◆ To do ◆
Set down precisely the lines from the line with "Herzlich willkommen im" through the end of the material, inclusive, and no pictures.

◆ Collected data ◆
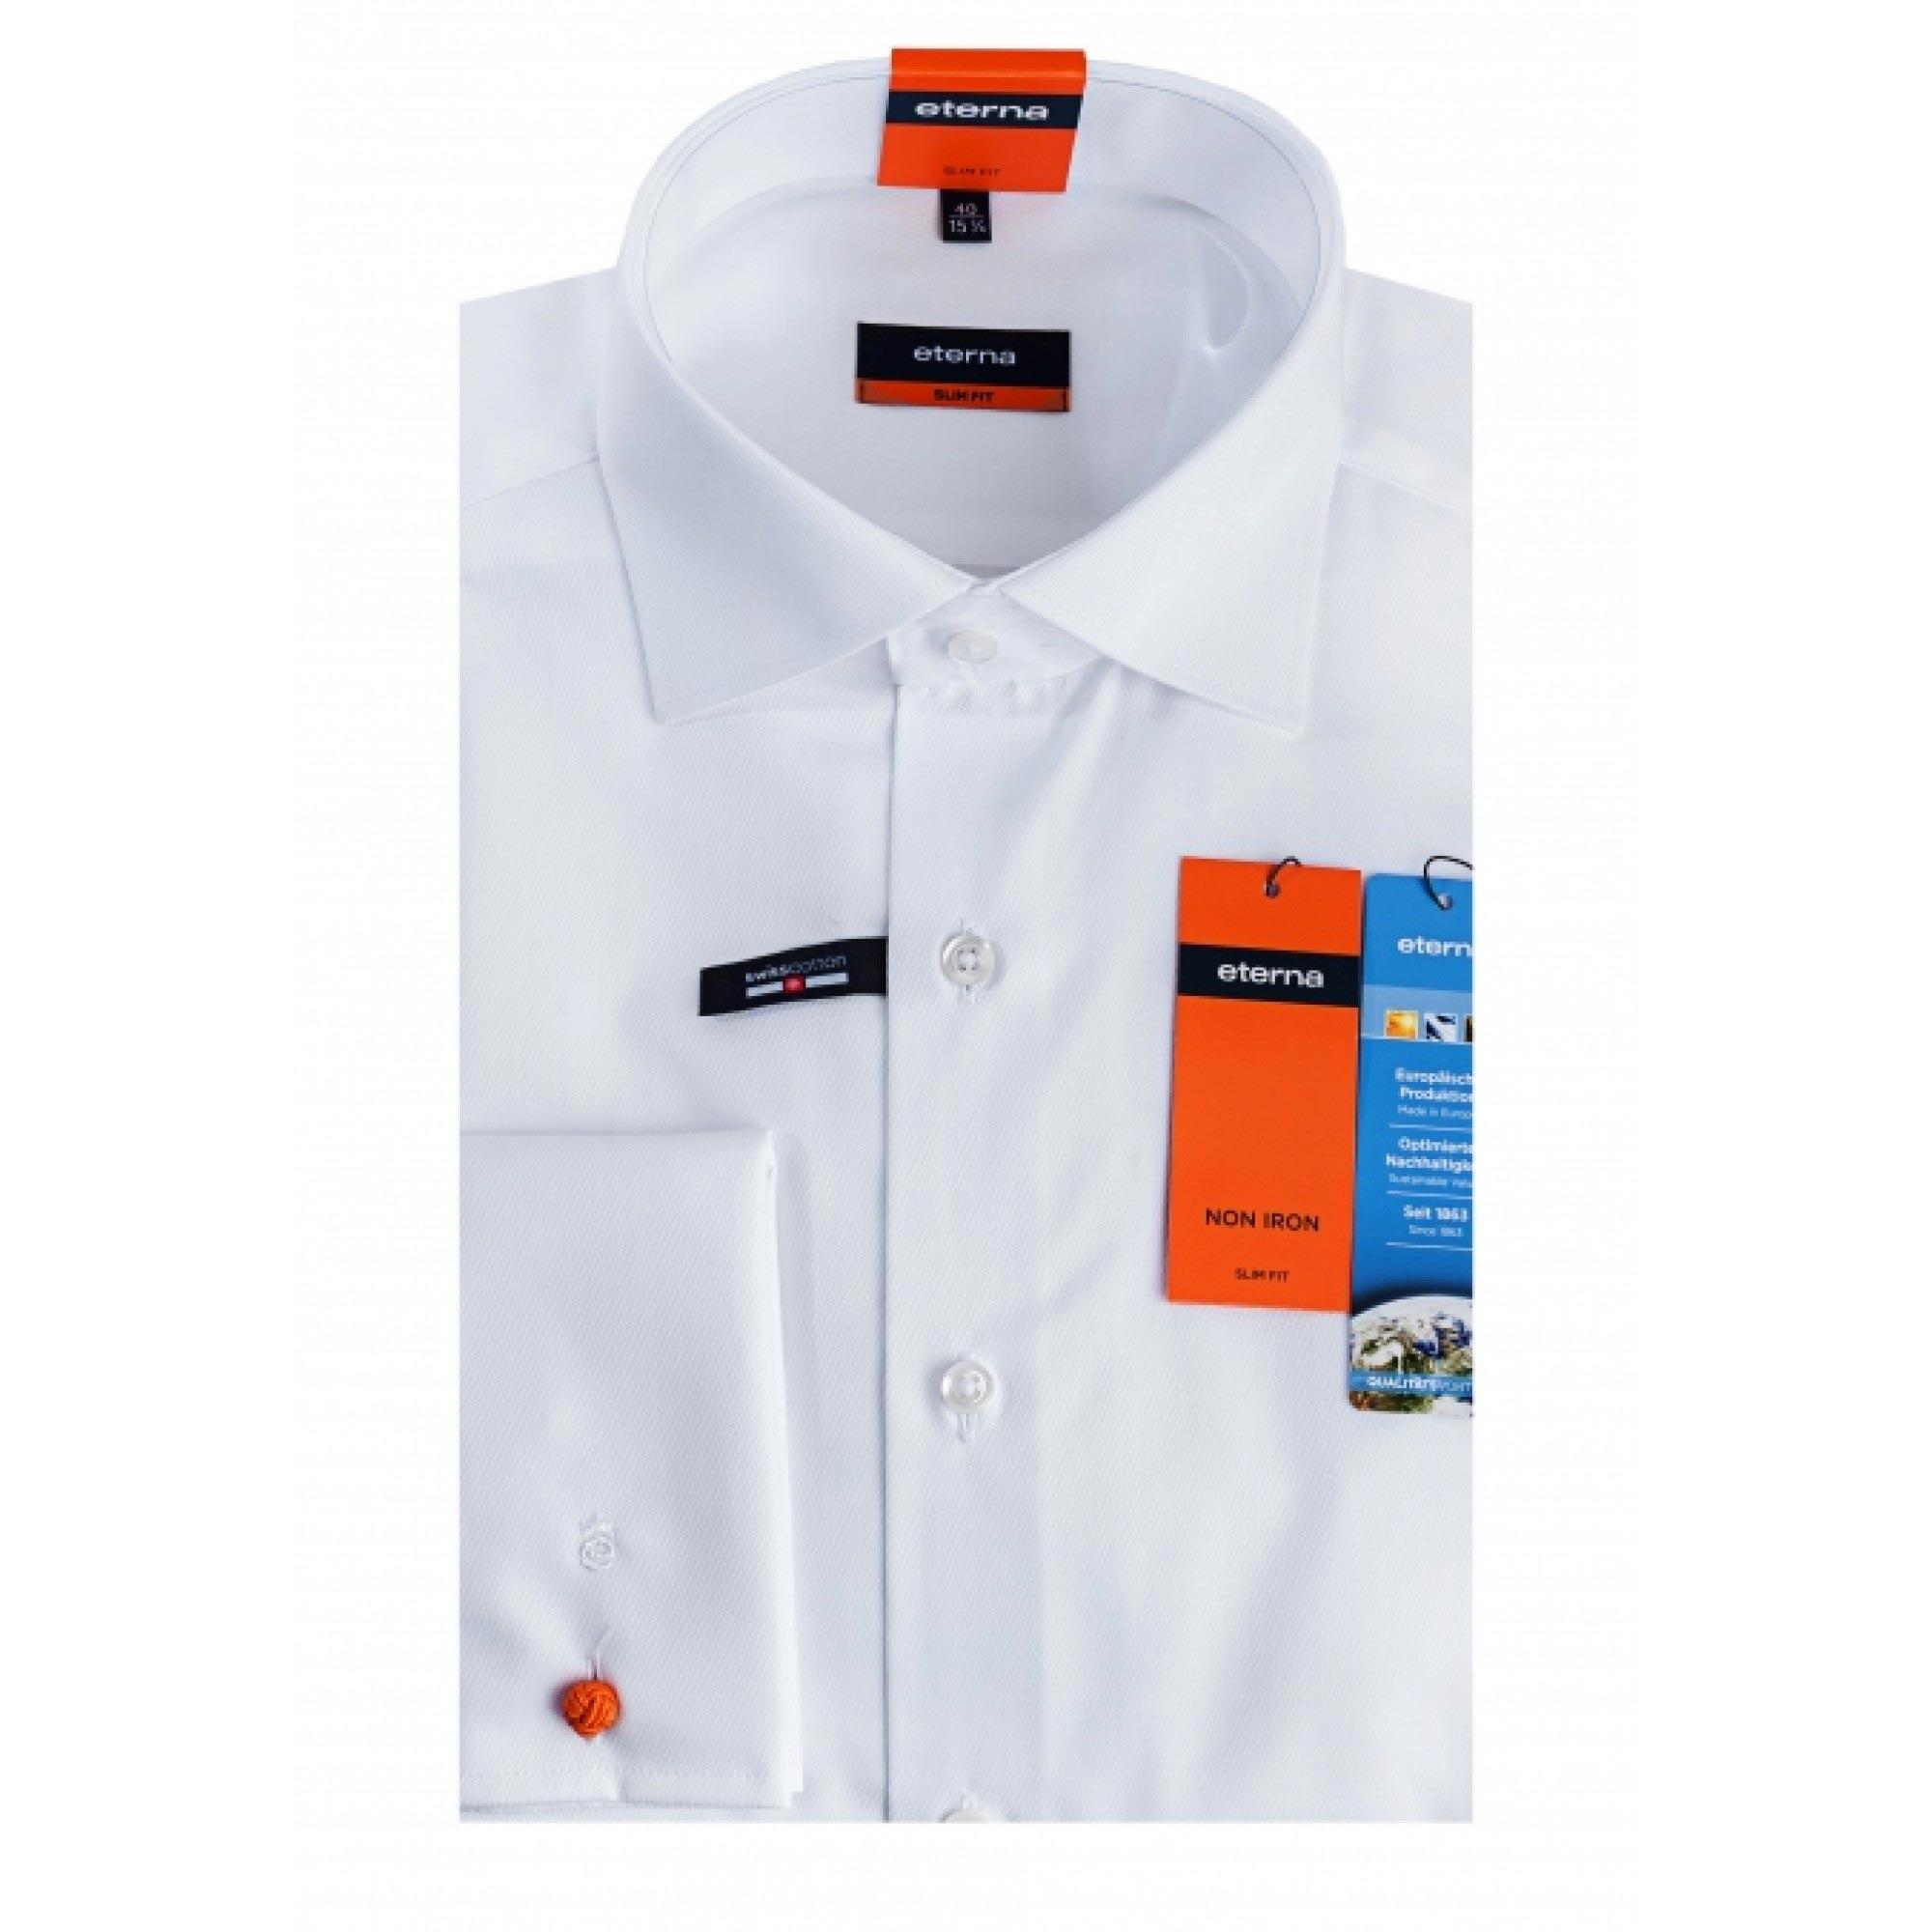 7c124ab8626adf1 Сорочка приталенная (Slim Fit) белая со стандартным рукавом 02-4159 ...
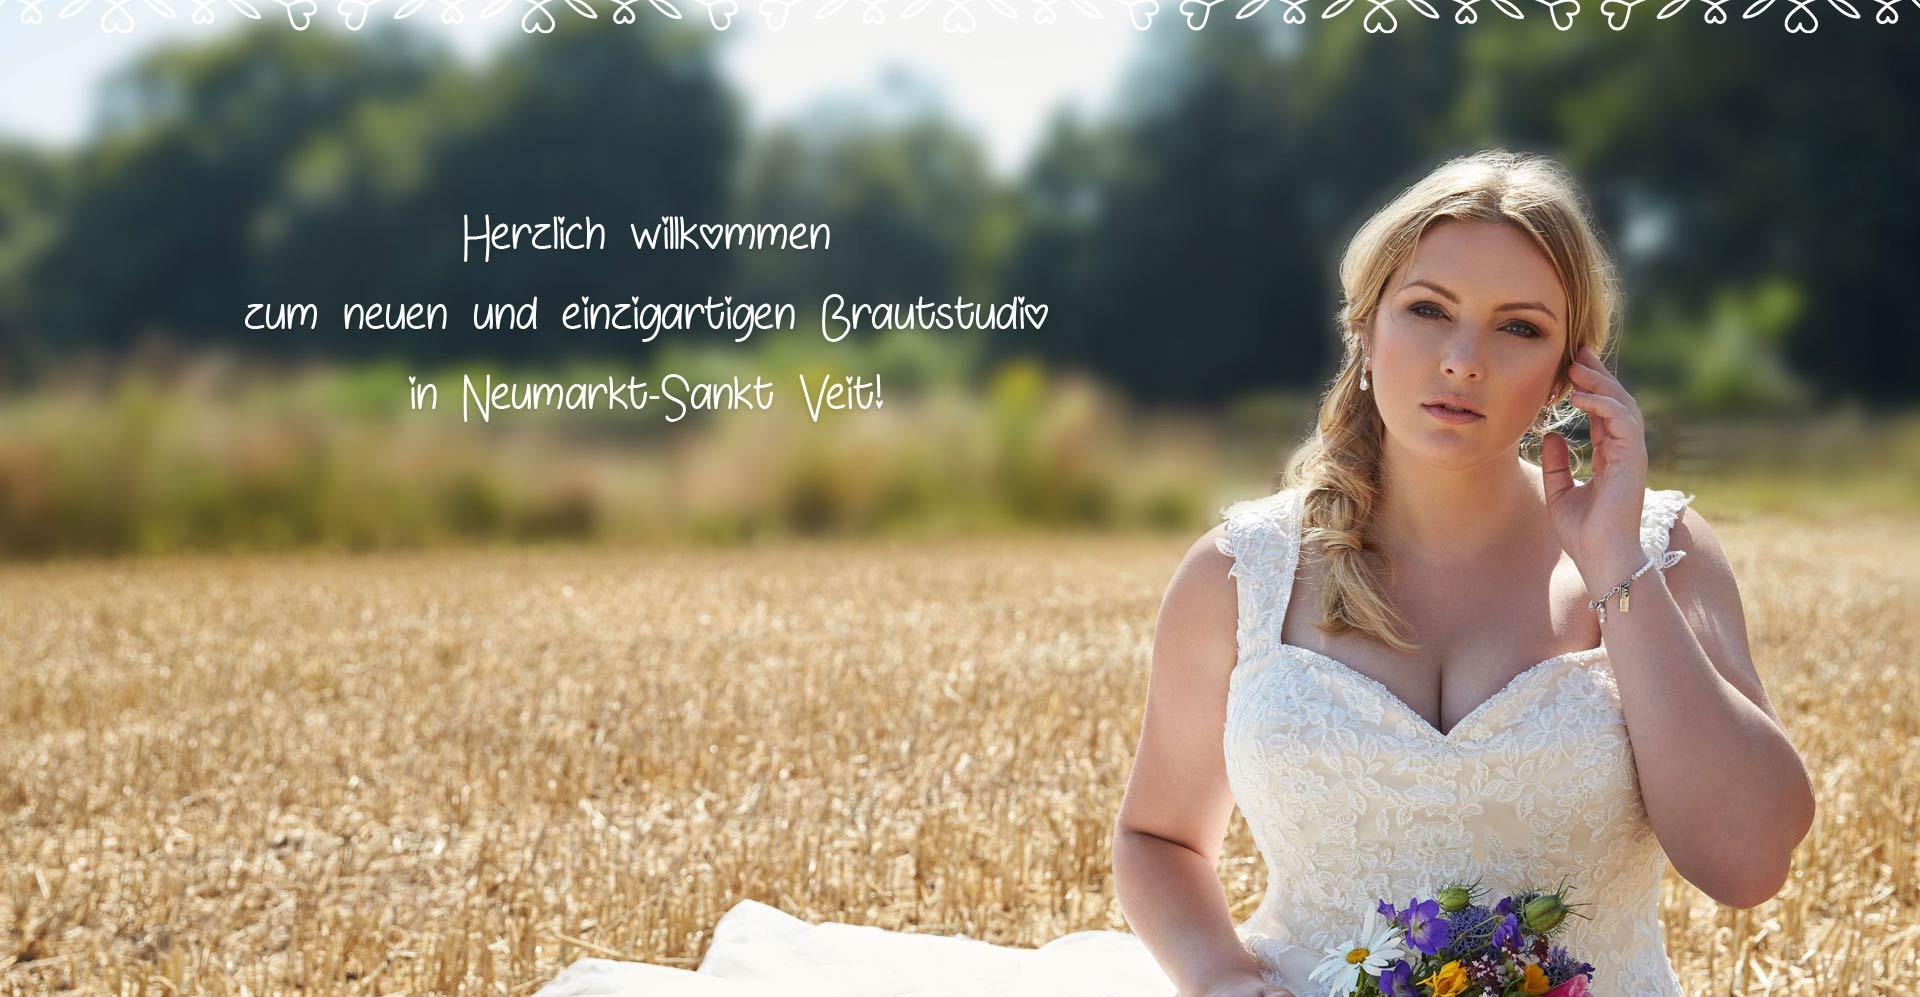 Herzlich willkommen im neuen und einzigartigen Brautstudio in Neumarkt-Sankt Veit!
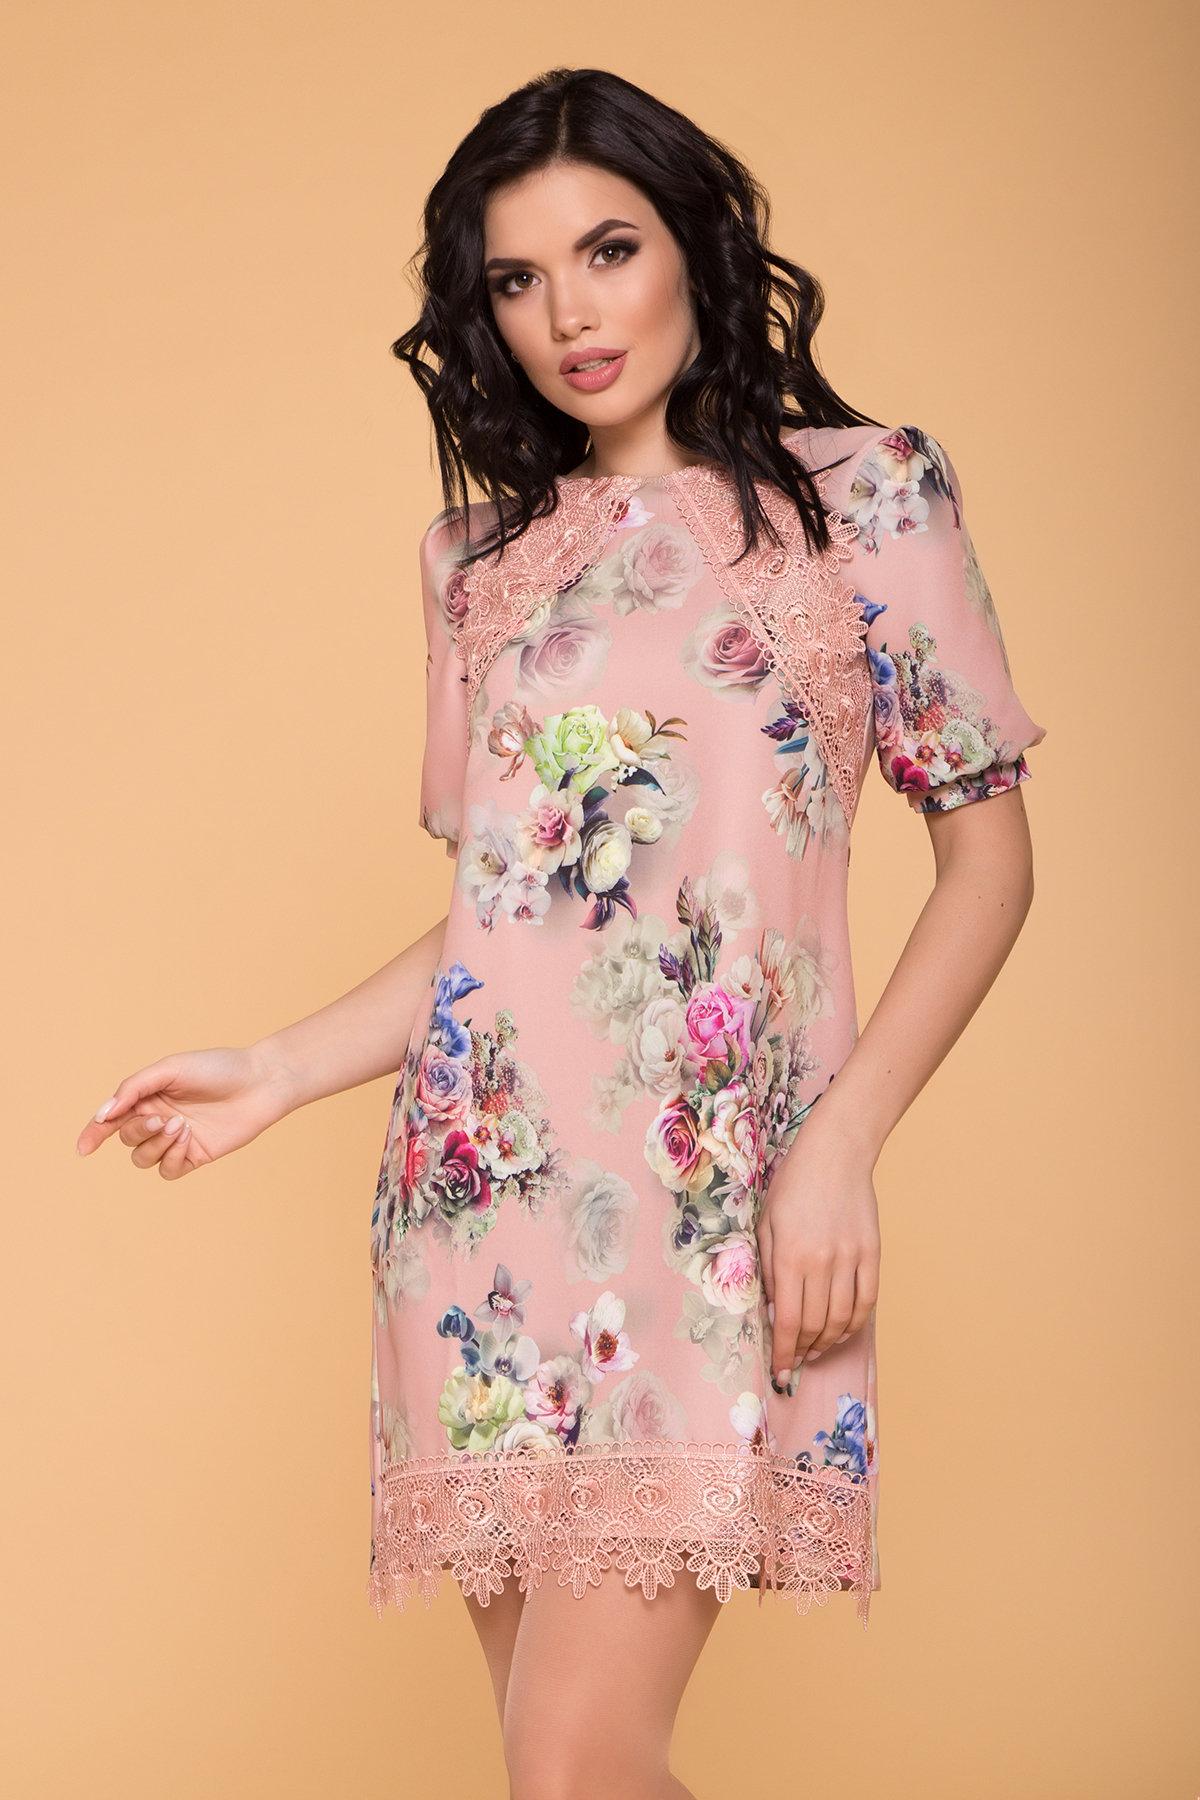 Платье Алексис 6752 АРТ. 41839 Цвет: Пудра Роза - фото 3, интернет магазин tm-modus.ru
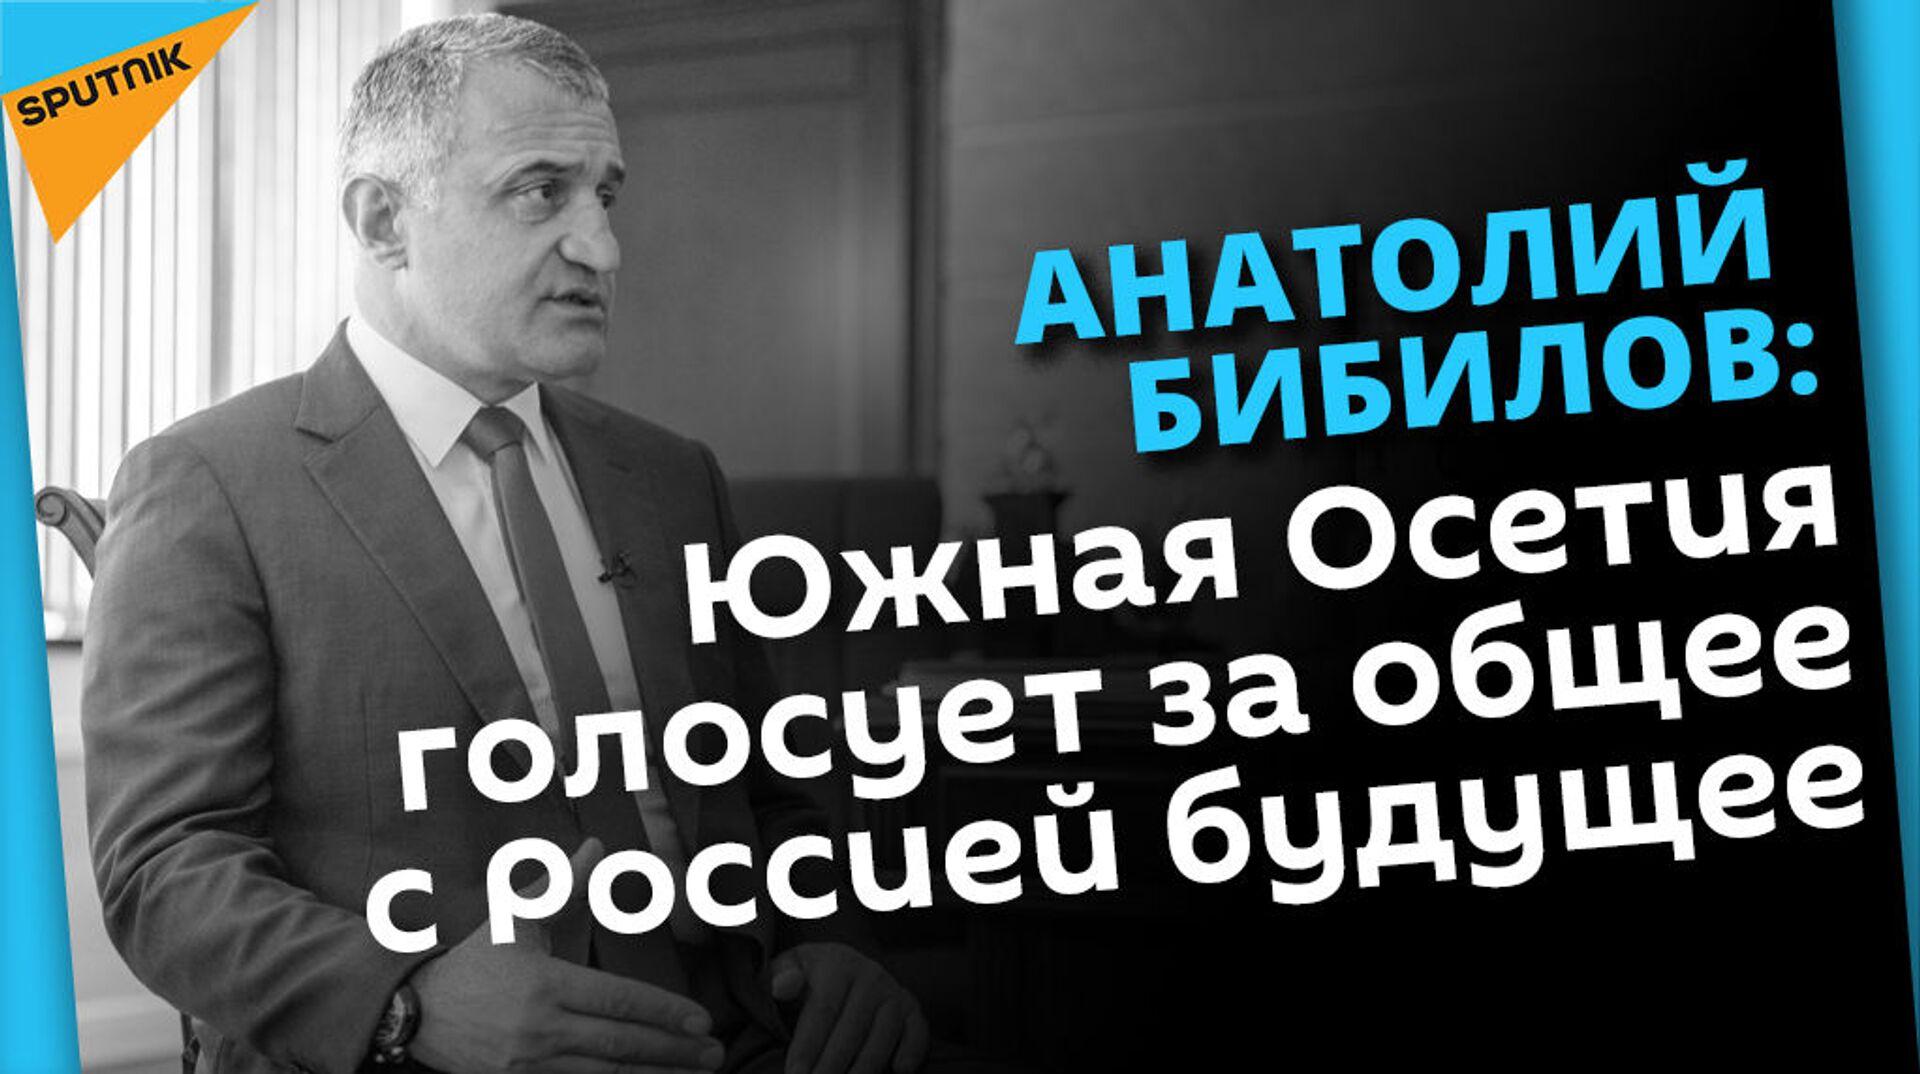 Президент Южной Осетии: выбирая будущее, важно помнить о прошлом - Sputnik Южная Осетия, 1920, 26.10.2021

◆ Answer for the task ◆
 Herzlich willkommen im neuen und einzigartigen Brautstudio in Neumarkt-Sankt Veit!
 Платье Алексис 6752 АРТ. 41839 Цвет: Пудра Роза - фото 3, интернет магазин tm-modus.ru
 Президент Южной Осетии: выбирая будущее, важно помнить о прошлом - Sputnik Южная Осетия, 1920, 26.10.2021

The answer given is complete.